Bedrock competes primarily with Azure OpenAI Service (Microsoft) and Google Vertex AI (Google Cloud).
| Feature | Amazon Bedrock | Azure OpenAI Service | Google Vertex AI |
|---|---|---|---|
| Model Providers | 10+ providers | Primarily OpenAI | Primarily Google (Gemini) + Model Garden |
| Approach | Multi-vendor marketplace | Deep OpenAI integration | Data-first, analytics-driven |
| RAG Support | Knowledge Bases (managed) | Azure AI Search integration | Vertex AI Search |
| Agent Framework | Bedrock Agents + AgentCore | Azure AI Agent Service | Vertex AI Agents |
| Safety Tools | Bedrock Guardrails | Content filtering + Responsible AI | Responsible AI toolkit |
| Pricing Model | Per-token, batch, flex, provisioned | Per-token, PTUs | Per-token, compute-hour |
| Ecosystem | AWS services integration | Microsoft/Office 365 integration | BigQuery, Dataflow integration |
| Multi-Agent | A2A protocol, supervisor agents | Agent orchestration | Agent Engine |
| Fine-Tuning | Supervised, continued pre-training, distillation, reinforcement | Supervised fine-tuning | Supervised, RLHF |
Bedrock's main advantage is breadth of model choice. While Azure centers on OpenAI's models and Vertex AI focuses on Google's Gemini family, Bedrock offers the widest selection of third-party providers in a single managed platform. For enterprises already invested in AWS infrastructure, Bedrock also provides the smoothest integration path [8].

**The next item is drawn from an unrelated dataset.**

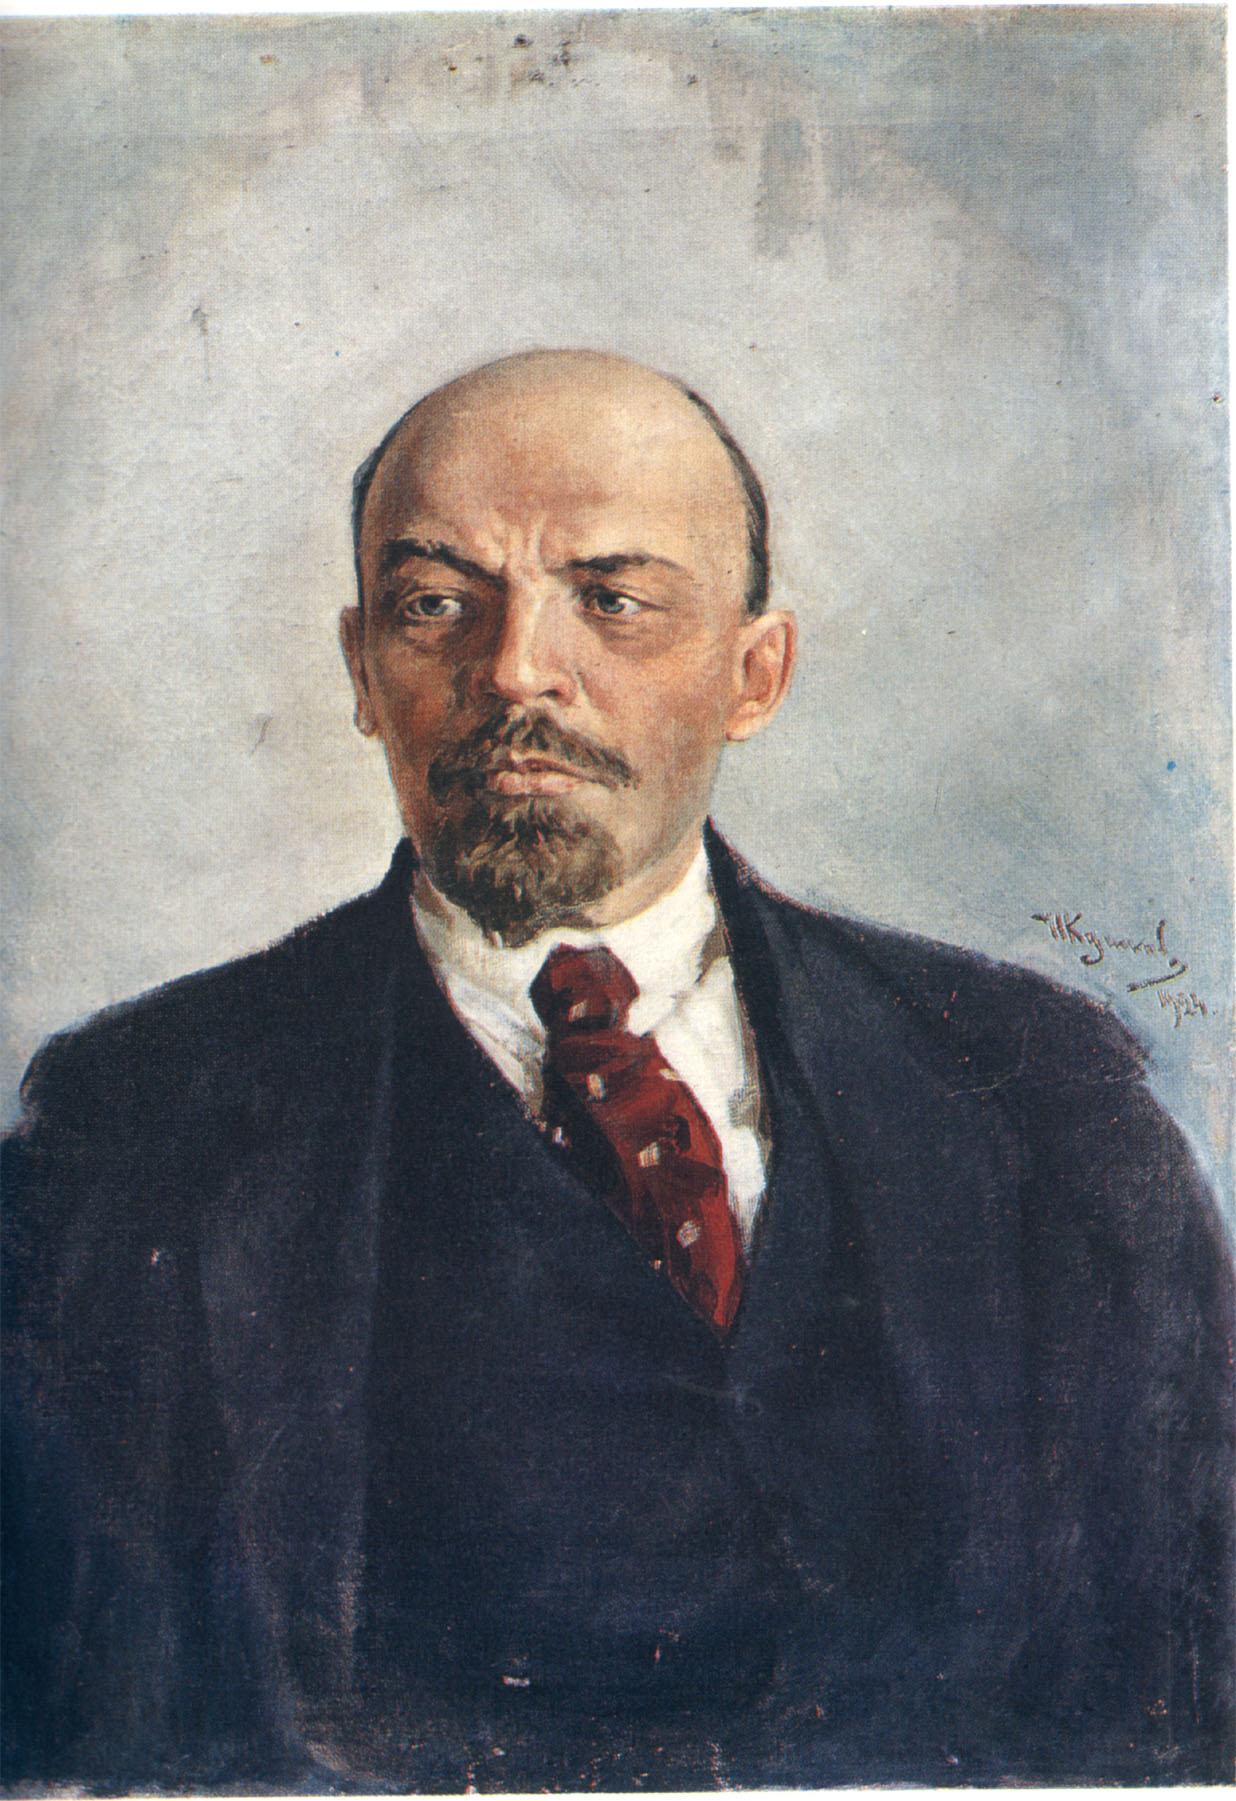 Vladimir Lenin Wallpaper Background Image Hippowallpaper

For typical enterprise applications processing 10 to 50 million tokens monthly, Bedrock generally offers 15 to 25 percent lower costs than Azure, though Azure becomes more competitive at scale with reserved capacity [8]. Bedrock's Flex tier offers a unique advantage for latency-tolerant workloads, providing 50 percent discounts that have no direct equivalent in Azure or Vertex AI.

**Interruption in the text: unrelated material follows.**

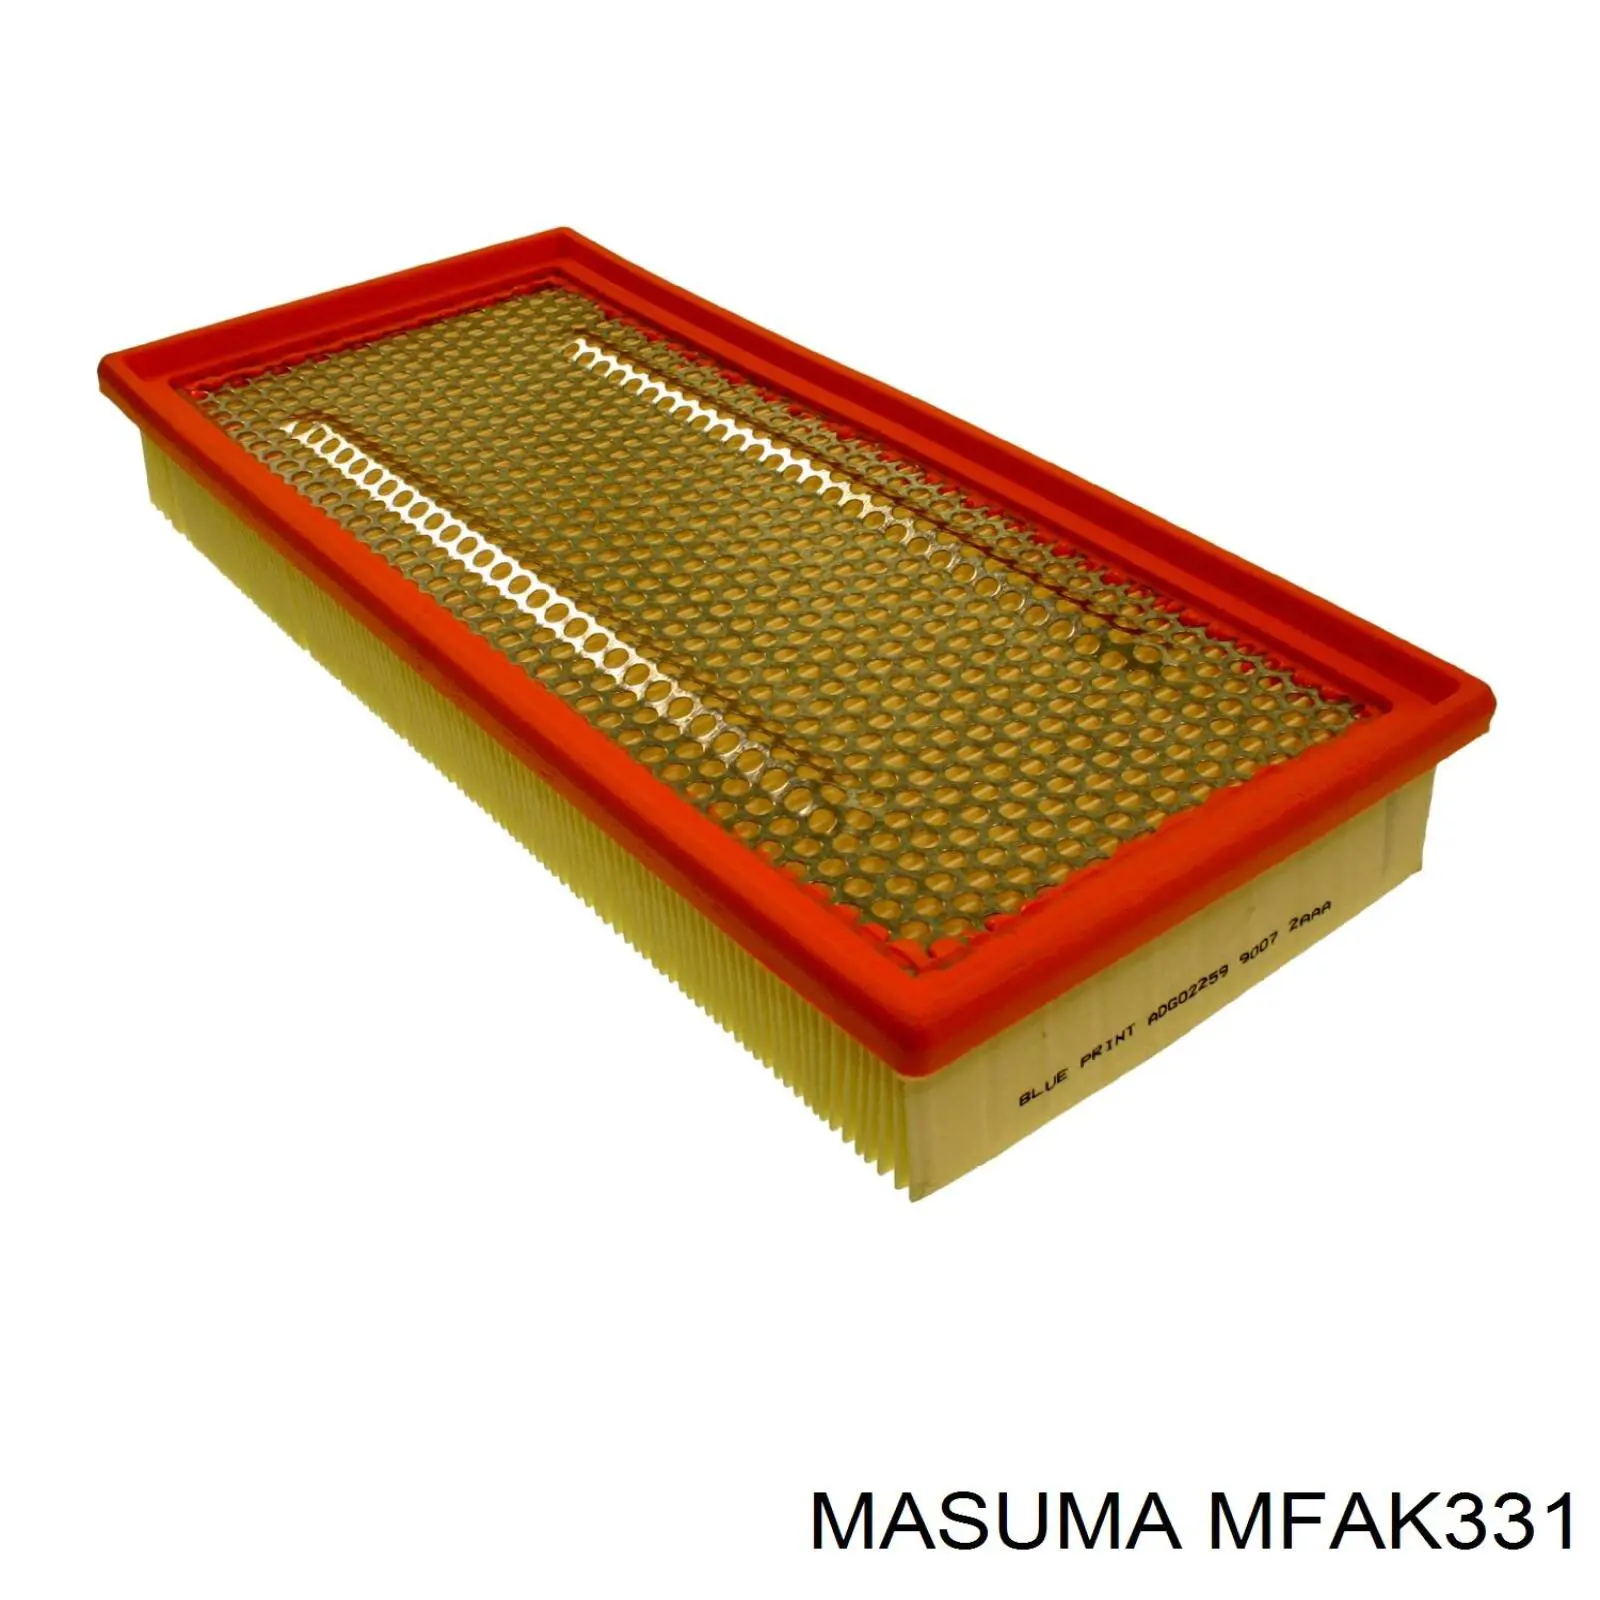 MFAK331 Masuma воздушный фильтр

As of early 2026, Amazon Bedrock has grown into one of the most feature-rich AI platforms in the cloud market, powering generative AI for more than 100,000 organizations worldwide [10]. The addition of nearly 100 serverless models, including open-weight models from Google, NVIDIA, MiniMax, and Moonshot AI, has broadened its appeal beyond the initial set of providers [14]. The Nova 2 family positions Amazon's own models, with their one-million-token context windows and tiered reasoning, as competitive alternatives for agentic and reasoning tasks [3].

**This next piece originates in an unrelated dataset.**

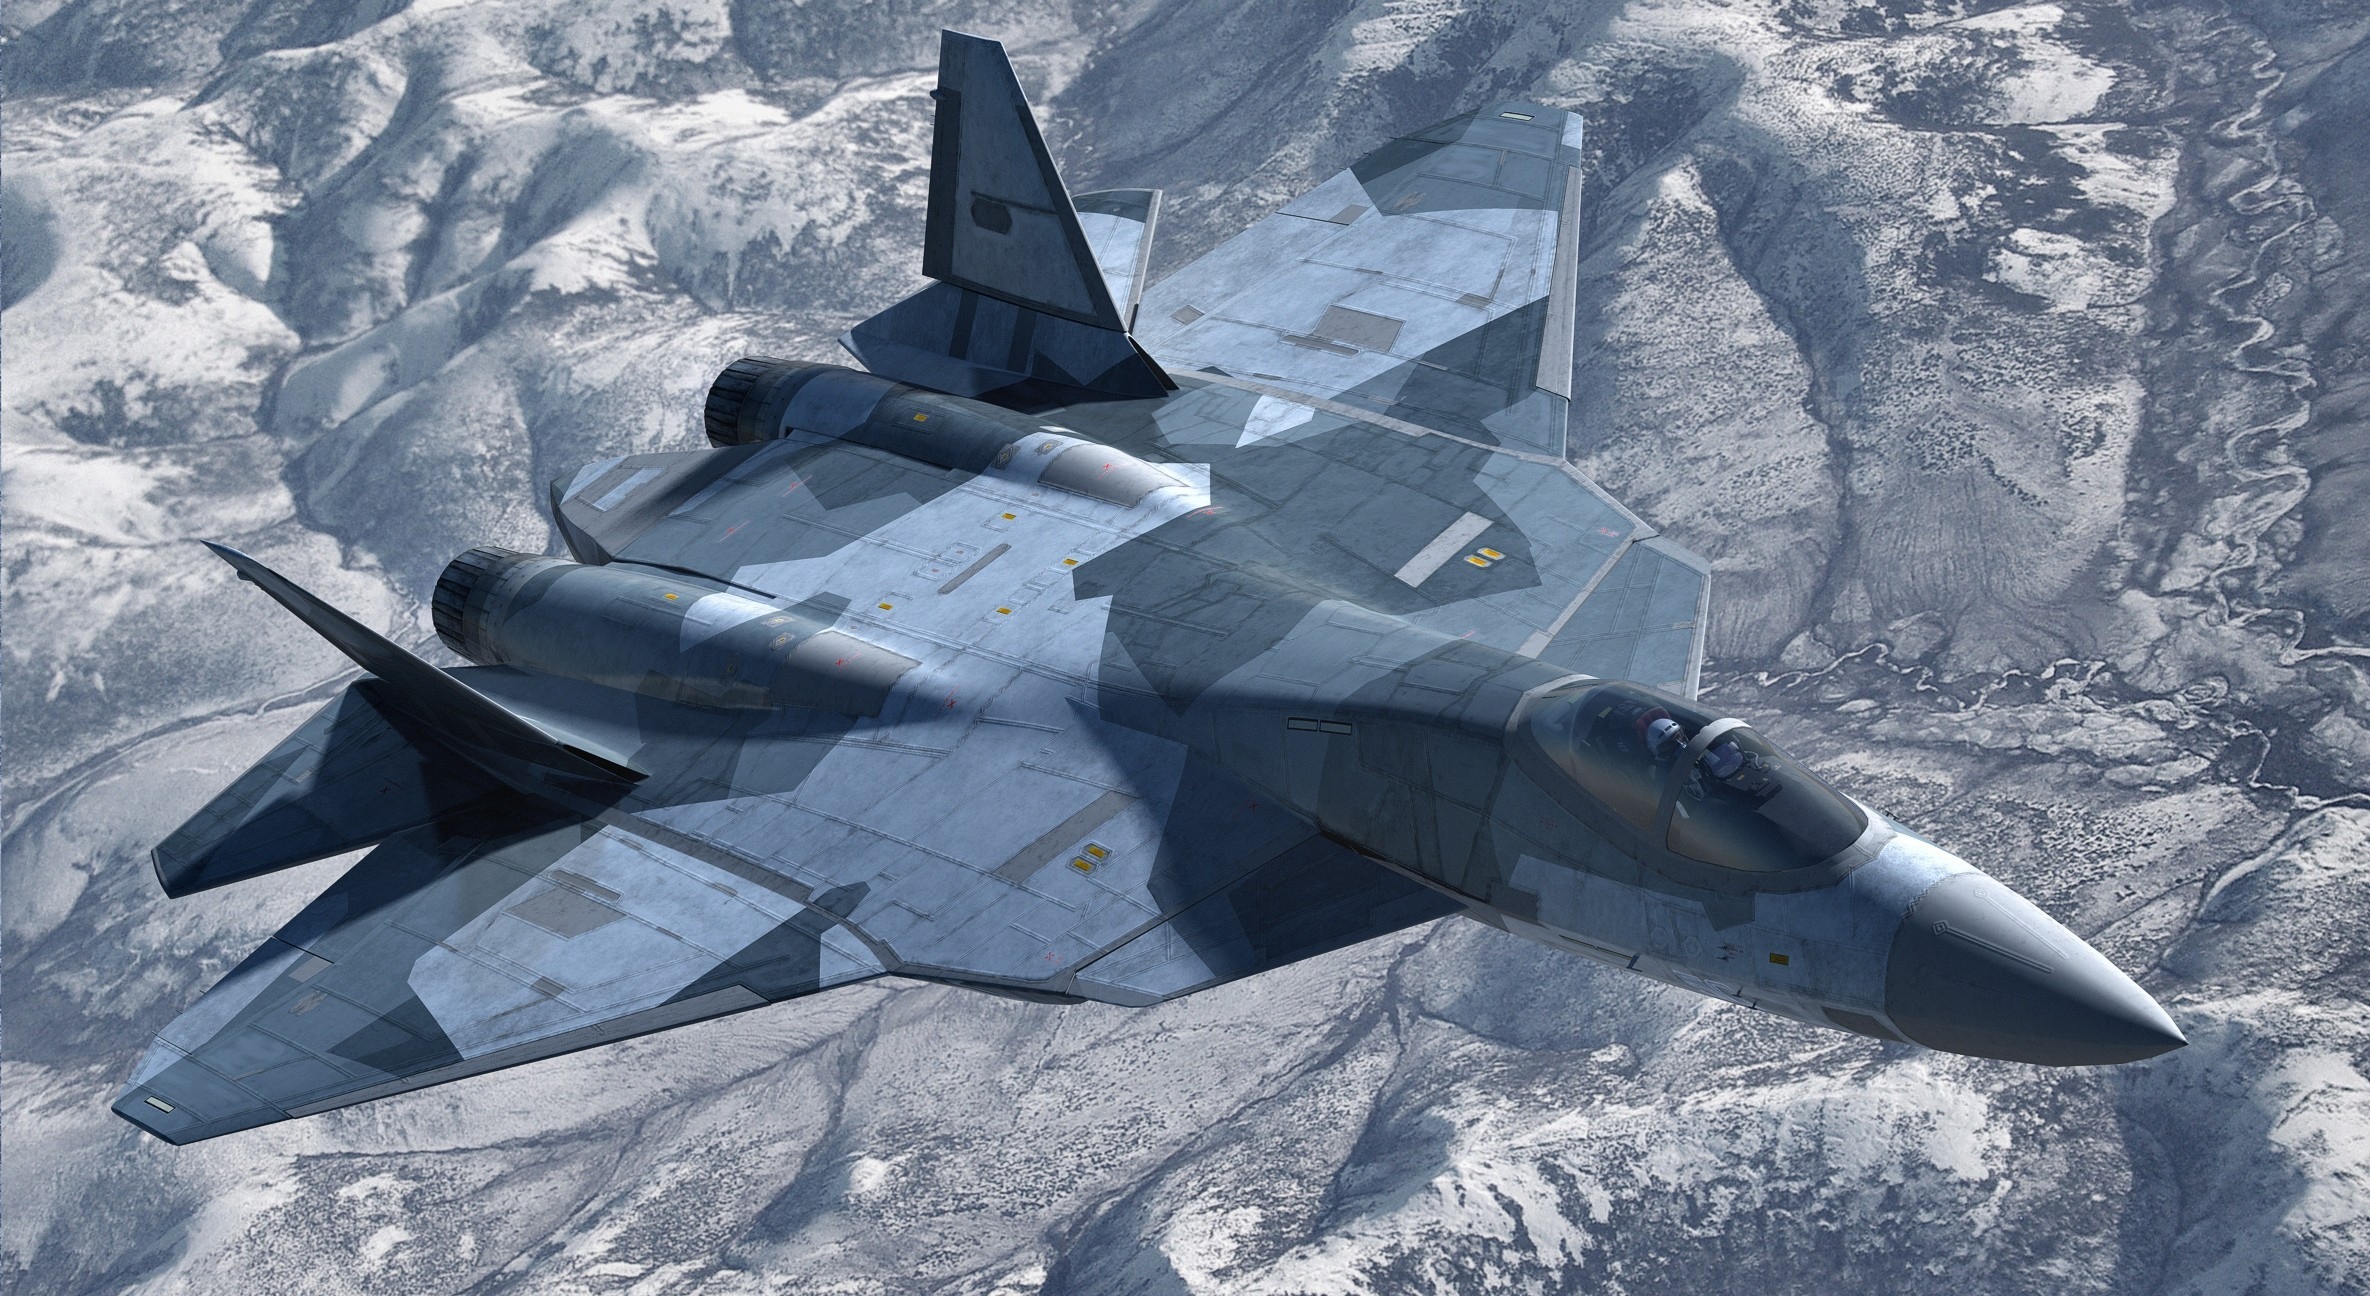 Режим сверхманёвренности: какие задачи может выполнять российский истребитель пятого поколения су-57

AWS has also invested heavily in agentic AI capabilities, with Bedrock Agents, AgentCore, and Flows forming the backbone of increasingly sophisticated multi-step AI workflows. The support for the A2A protocol reflects a commitment to interoperability in a market where enterprises often use multiple AI frameworks and providers. The platform's Guardrails feature has matured into a comprehensive responsible AI solution that addresses enterprise concerns about safety, hallucination, and compliance.
Looking ahead, AWS continues to expand regional availability, add new model providers, and deepen integration with the broader AWS ecosystem. Bedrock's position as a model-agnostic platform gives it a structural advantage in a market where model leadership shifts rapidly between providers.